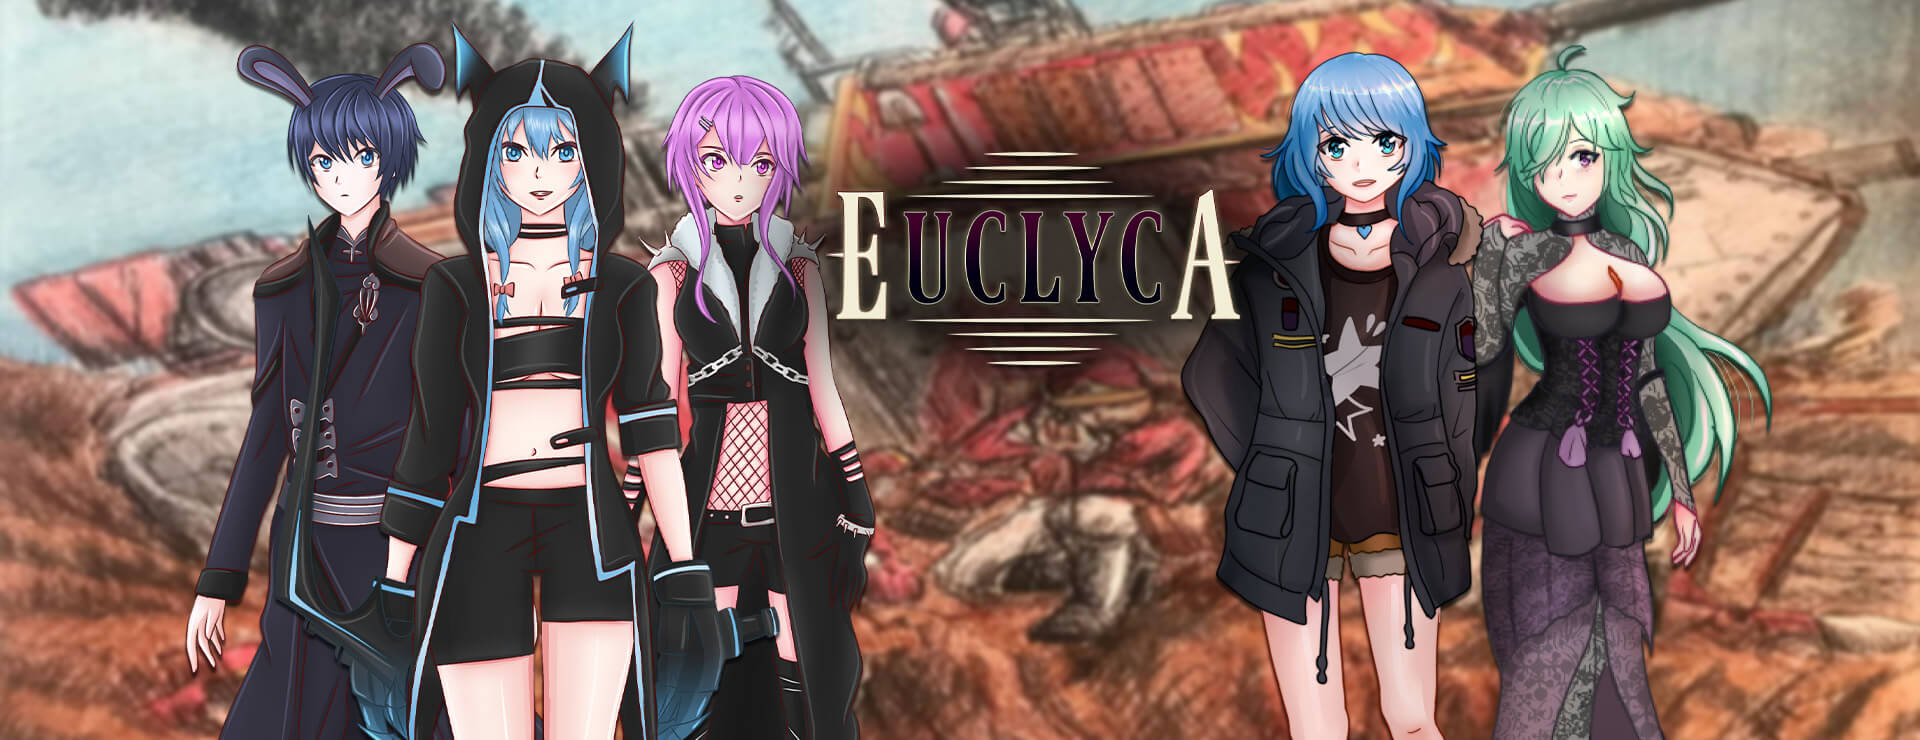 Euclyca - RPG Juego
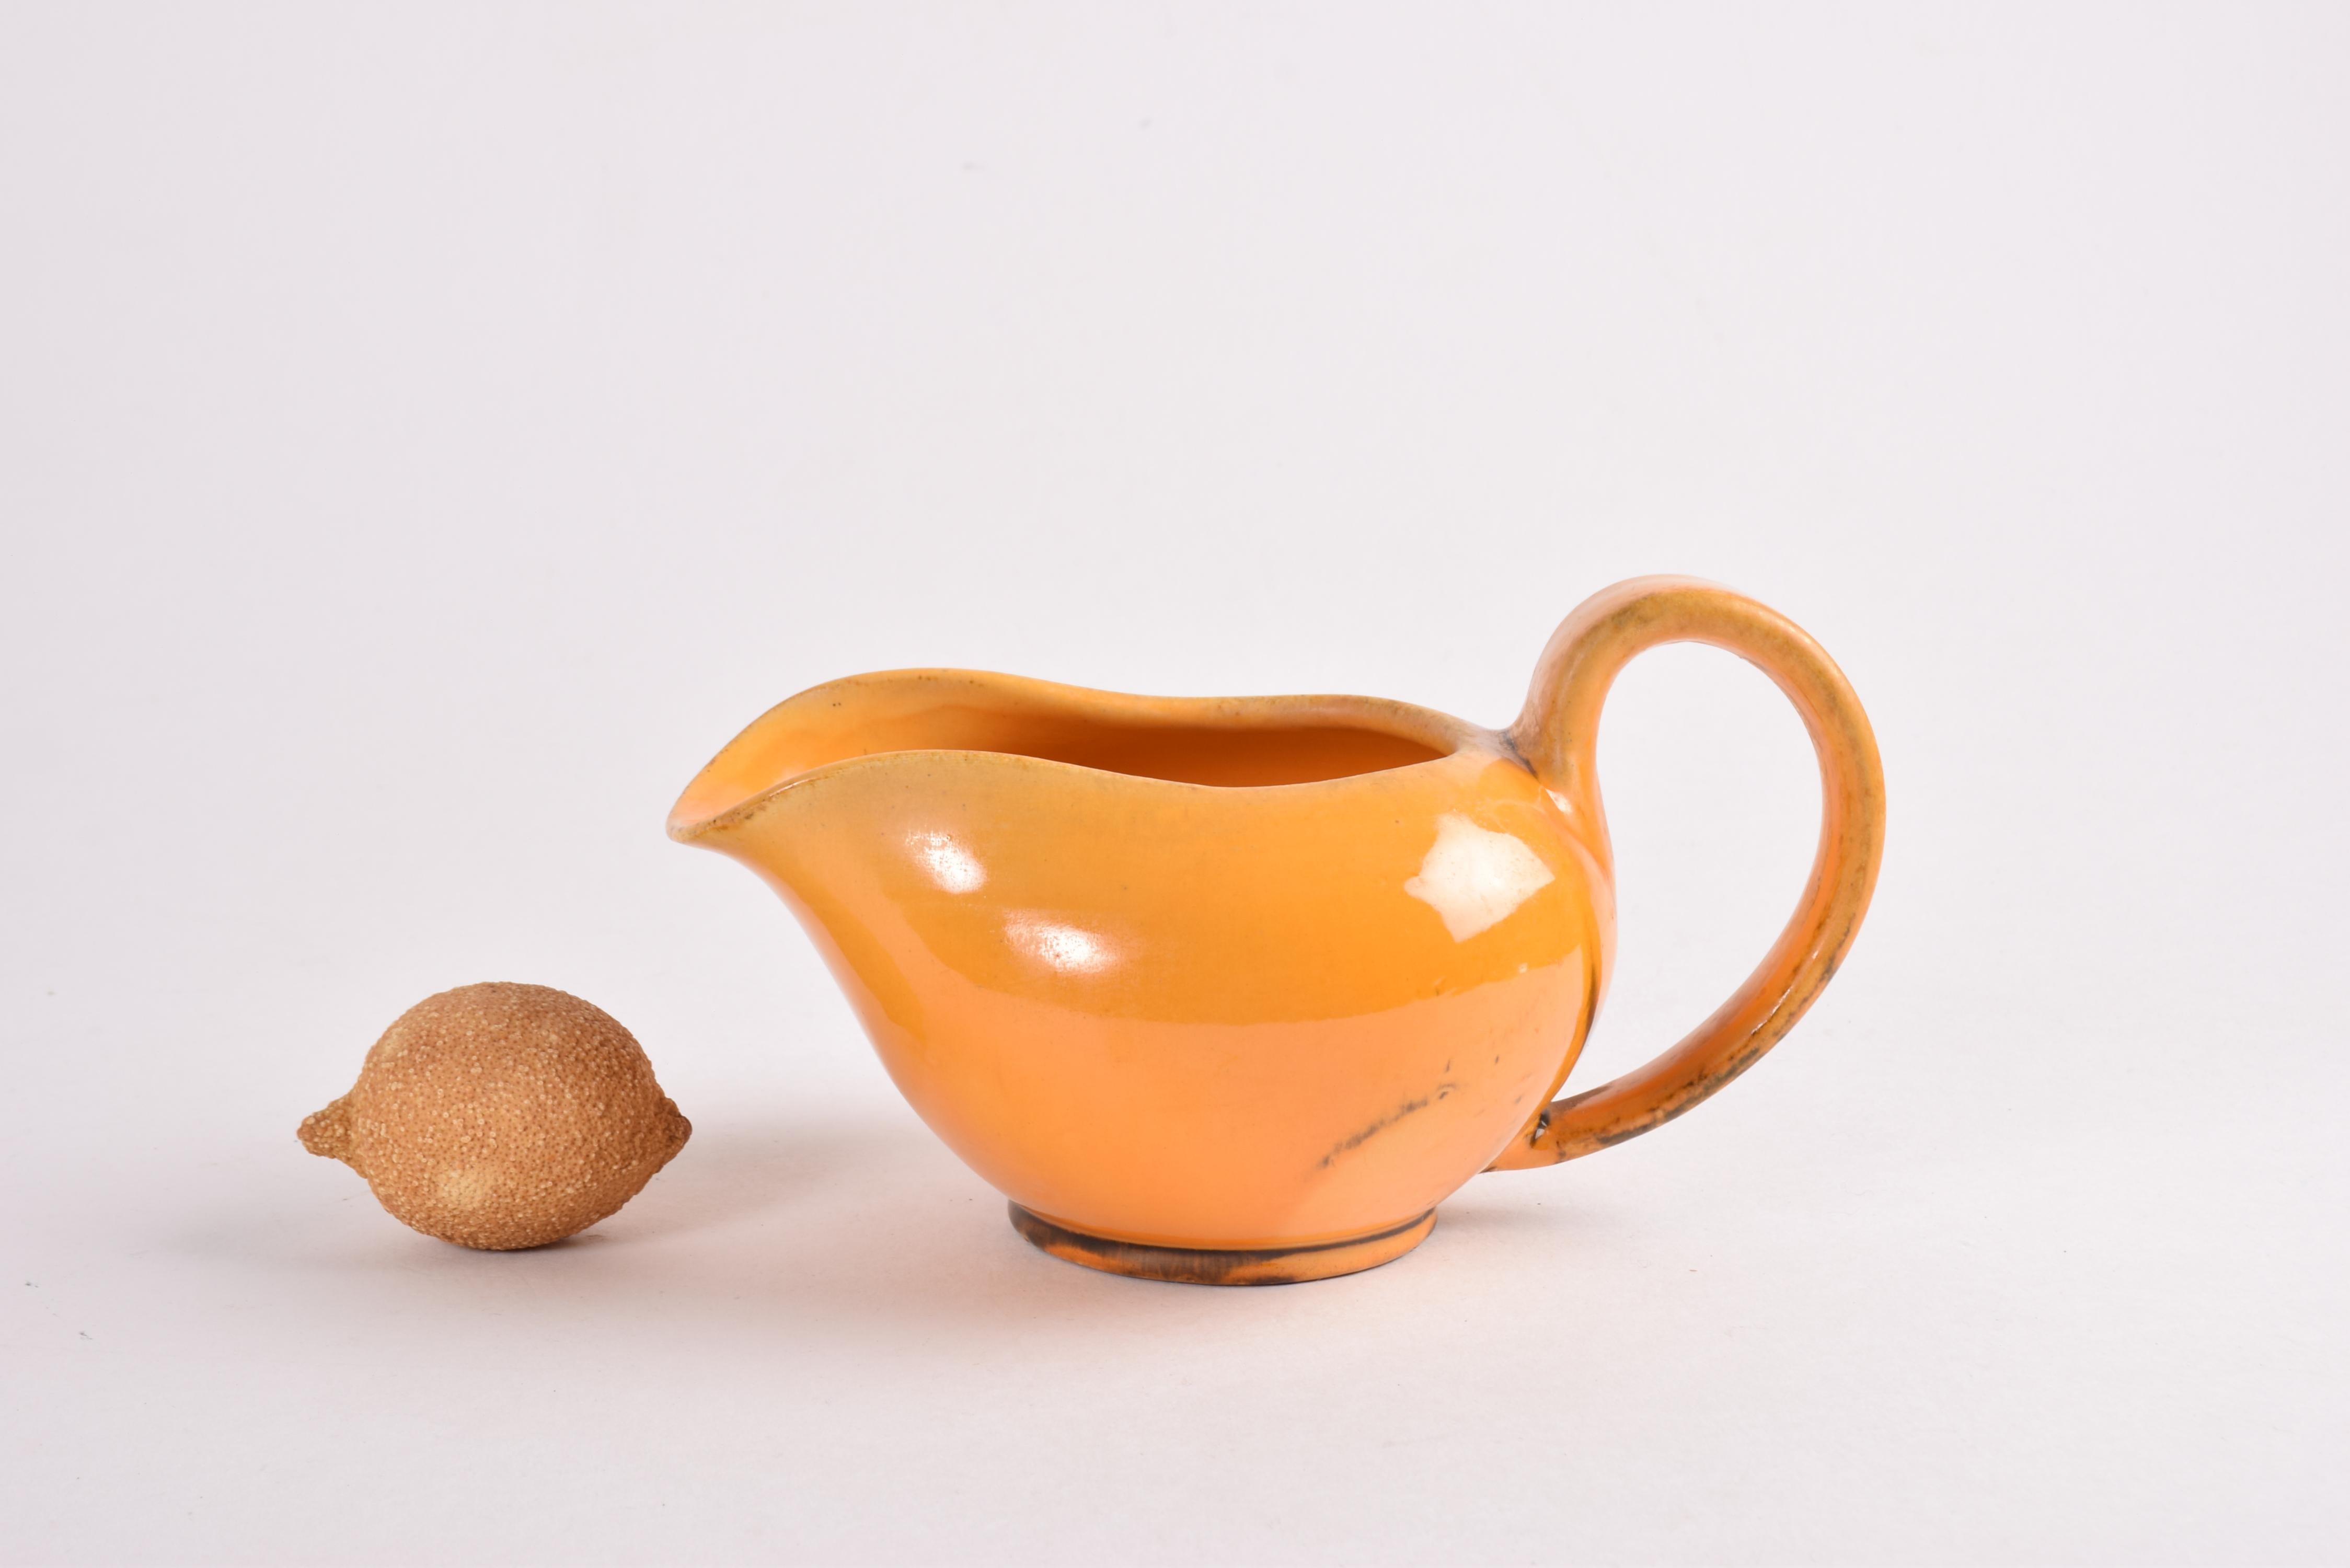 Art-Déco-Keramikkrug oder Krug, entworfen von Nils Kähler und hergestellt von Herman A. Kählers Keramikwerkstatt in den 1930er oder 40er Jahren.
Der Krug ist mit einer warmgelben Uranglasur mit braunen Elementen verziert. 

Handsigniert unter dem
____
WHAT YOU ARE ASKED TO DO:
Output a verbatim copy of the lines from the line containing "Art-Déco-Keramikkrug oder Krug, entworfen" through the end of the data, both included, without any images.

TASK OUTPUT:
 Art-Déco-Keramikkrug oder Krug, entworfen von Nils Kähler und hergestellt von Herman A. Kählers Keramikwerkstatt in den 1930er oder 40er Jahren.
Der Krug ist mit einer warmgelben Uranglasur mit braunen Elementen verziert. 

Handsigniert unter dem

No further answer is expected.